Меня снова избрали в комитет комсомола Института, но на это раз меня рекомендовали уже заместителем секретаря по оргработе. По-моему, моя должность называлась тогда официально – 2-й секретарь комитета комсомола, потому что комитет комсомола института получил статус райкома ВЛКСМ. Первым секретарем комитета ВЛКСМ стал Веня Извеков, а Витю Пушкарева избрали первым секретарем Сталинского райкома комсомола.
Я стал правой рукой 1-го секретаря. Моя обязанность была – подбор людей на все комсомольские должности на факультетах и работа с ними, прием в комсомол, все персональные дела, подготовка заседаний Комитета комсомола и многое другое. Неожиданно для себя я стал крупной комсомольской шишкой. Меня приглашали на заседания к ректору и его заместителям, в партком, в профком, сажали в Президиум всех собраний, выдвинули и избрали членом пленумов Сталинского райкома и Ленинградского горкома ВЛКСМ.
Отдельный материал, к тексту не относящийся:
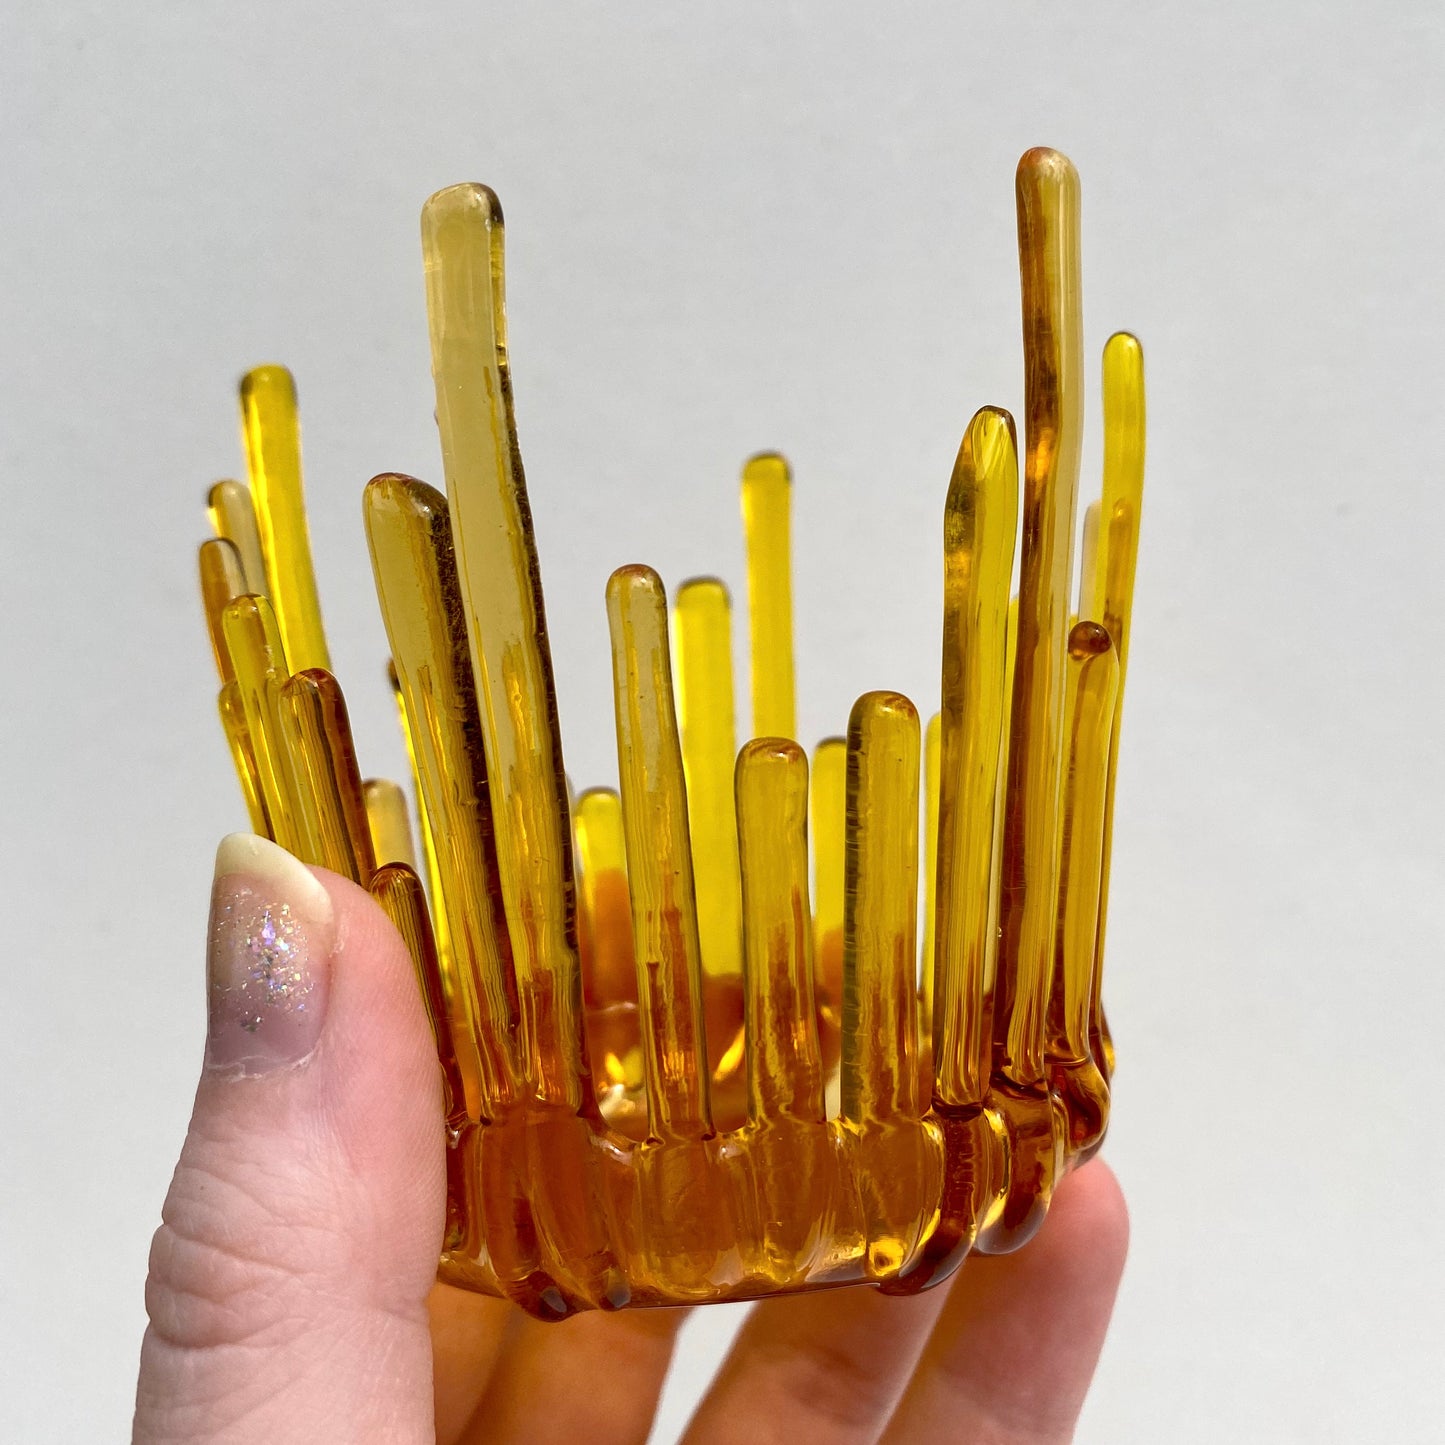 Candle Holder - Yellow Sun Crown

Мое мнение выслушивали и, как я заметил, считались. Ко мне начала стекаться масса информации, которую я жадно поглощал, впитывал ...и мотал себе на ус. Я стал осторожнее в своих суждениях. Оказалось, что во многих случаях лучше промолчать, чем высказываться.
В ноябре мне исполнился 21 год, я был достаточно красноречив и отнюдь не косноязычен. Ребятам нравилось, как я выступал на собраниях и заседаниях, и мой авторитет постоянно рос.
С Веней Извековым у меня постепенно сложились хорошие, даже теплые отношения. Ему было около 30 лет, он носил выпуклые очки, через которые глядели его добрые глаза, и его взгляд располагал к доверию. У него были принципы в жизни, но он не был ортодоксом, и считал, что перемены неизбежны. Веня учился на 5 курсе металлургического факультета, жил в общежитии на Флюговом переудке, и я частенько бывал у него в комнате.
По работе мне приходилось часто заходить в райком, и каждый раз я заглядывал к Вите Пушкареву. Он всегда был рад мне, и мы подолгу говорили обо всем, что нас волновало.
А тогда в 1955 году комсомол, наконец, проснулся, студенты захотели получить ответы на многие вопросы и, прежде всего, на вопрос, почему в комсомоле стало скучно, неинтересно, формально. Мы не хотели больше жить, как прежде, но мы и не знали, как можно по-другому. И об этом начали говорить на всех собраниях. Предлагали какие-то решения. Спорили до хрипоты. И ждали, что же нам скажут наши старшие товарищи. А старшие товарищи тоже не знали, что сказать, и пока молчали.